Summary: Impacts of the 3% Limitation • Are house prices rising faster or slower than 3% -- i.e. is the limitation binding? • Yes over the first 5 years – probably not for the next few. • What are the impacts of the 3% limitation on total Property Tax revenue? • Small so far. Values have risen quickly and rates have remained stable or risen. • Has the 3% limit caused a shift of the tax base from residential to non-residential taxpayers? • Has not prevented residential values from increasing faster than non-residential.
Summary: Impacts of the 3% Limitation (cont.) • How does the 3% Limit affect property tax rates? • Both operating and debt service rates will be higher, but the effect is small as long as turnover of existing homes is strong. • Has the 3% limit caused a shift of the tax base from existing property owners to new owners? • Yes, but more data are needed to quantify this effect. • Does the limit cause economic inefficiency in the housing market? • Yes, but more data are needed to quantify. • Conclusion: 3% Limit does not have a major impact on revenues generated by the property tax. It does create inequity between existing and new property owners.
Possible Alternatives Modify the Yield Control statute: • Eliminate the 3% limitation • Lower the allowed 5% growth rate of total operating tax liabilities from existing properties Pros: • Eliminates inequity between new and existing property owners. Cons: • Reduces revenue growth from existing properties • Revenue would continue to grow due to new construction Notes: Potential impacts of this proposal can be simulated using existing property tax information.
Possible Alternatives (cont.) Tie debt service levies more closely to voter approval: • Debt service levies should adjust automatically downward in response to higher property values, but aggregate debt service levies have not decreased despite sharp increases in values. • Why are these levies not adjusting? • A study of debt service levies could be undertaken to illustrate whether the process is sufficiently transparent to prevent “sticker shock” for voters. • Study could recommend ways to tie the levy impositions more directly to voter actions. Pros: • Provide a clear picture of forces driving property tax rates.

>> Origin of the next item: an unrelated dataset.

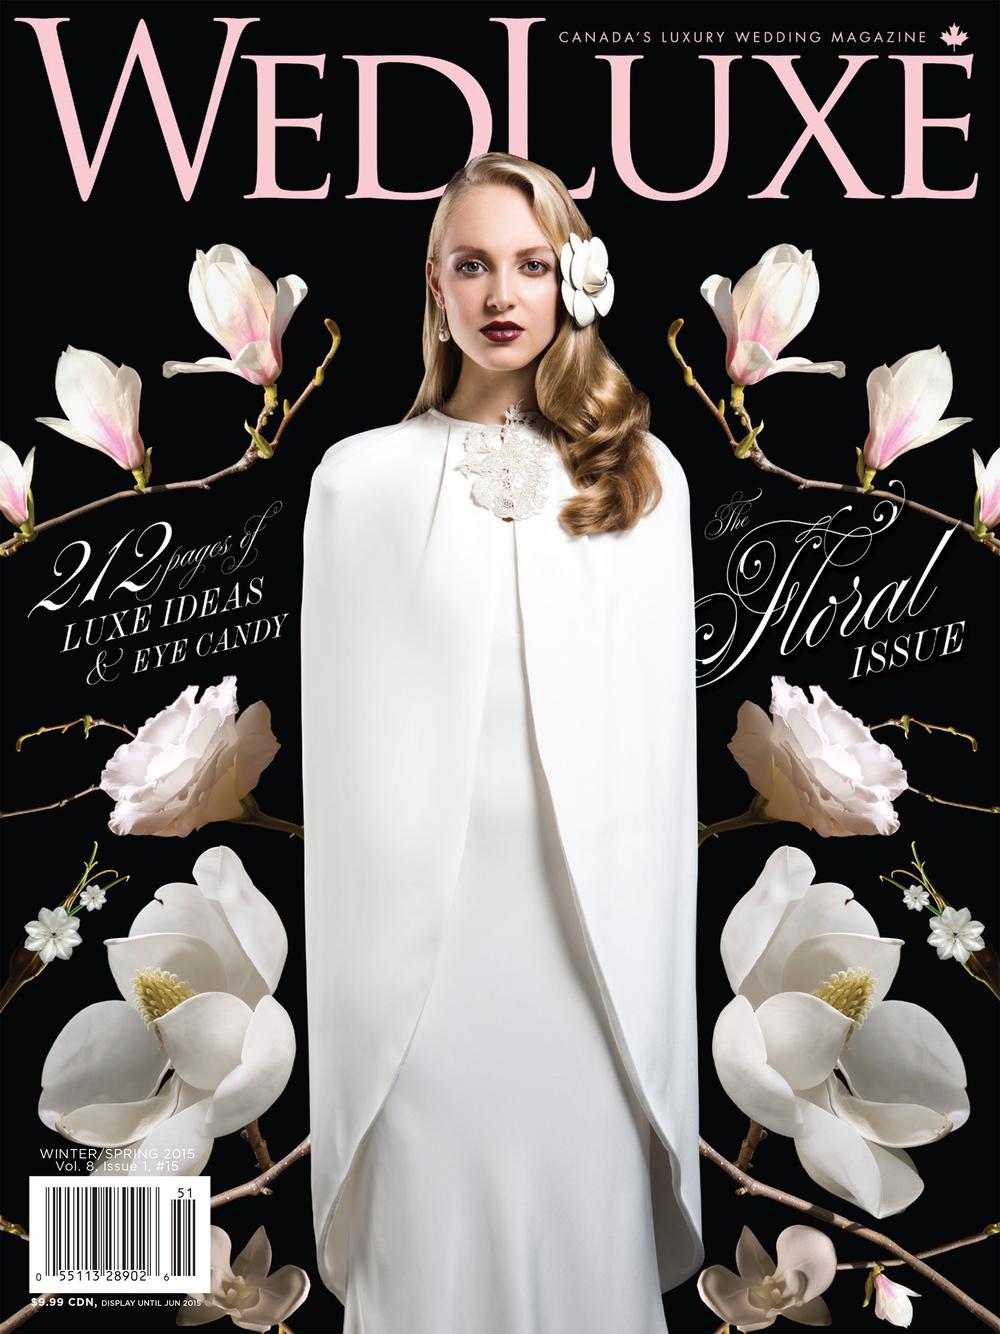 WedLuxeMagazine_WS15_TorontoCover2-1.jpg

Possible Alternatives (cont.) Increase Head of household exemption: • Exemption – currently $2,000 – has not been increased in many years Pros: • Property tax relief would be targeted at lower-income households, although all home-owning households would derive some relief Cons: • Renting households would not receive relief
Possible Alternatives (cont.) Expand the state’s “circuit breaker” program: • Provides property tax relief through the personal income tax • State – rather than local governments -- bears the fiscal burden Pros: • Targets relief at lowest income households Cons: • “Cash flow” problem because property taxes must be paid 2 to 3 months before income tax refund is available.
Possible Alternatives (cont.) Other measures or hybrids of existing alternatives- Limiting residential valuation limitations by differing rates (i.e. 2% or 4%) will result in greater inequity and more protections, or vice a versa, depending on the policy objectives. For example the poorer could be more protected with a “circuit breaker” and/or increased homestead exemption, while the valuation limitation could be increased to smooth inequities and speed current and correct valuations. As is some other states, valuations could be limited to primary residences rather than all residential property Other revenues could be used to offset residential tax limitations; however, they would come with a cost as well.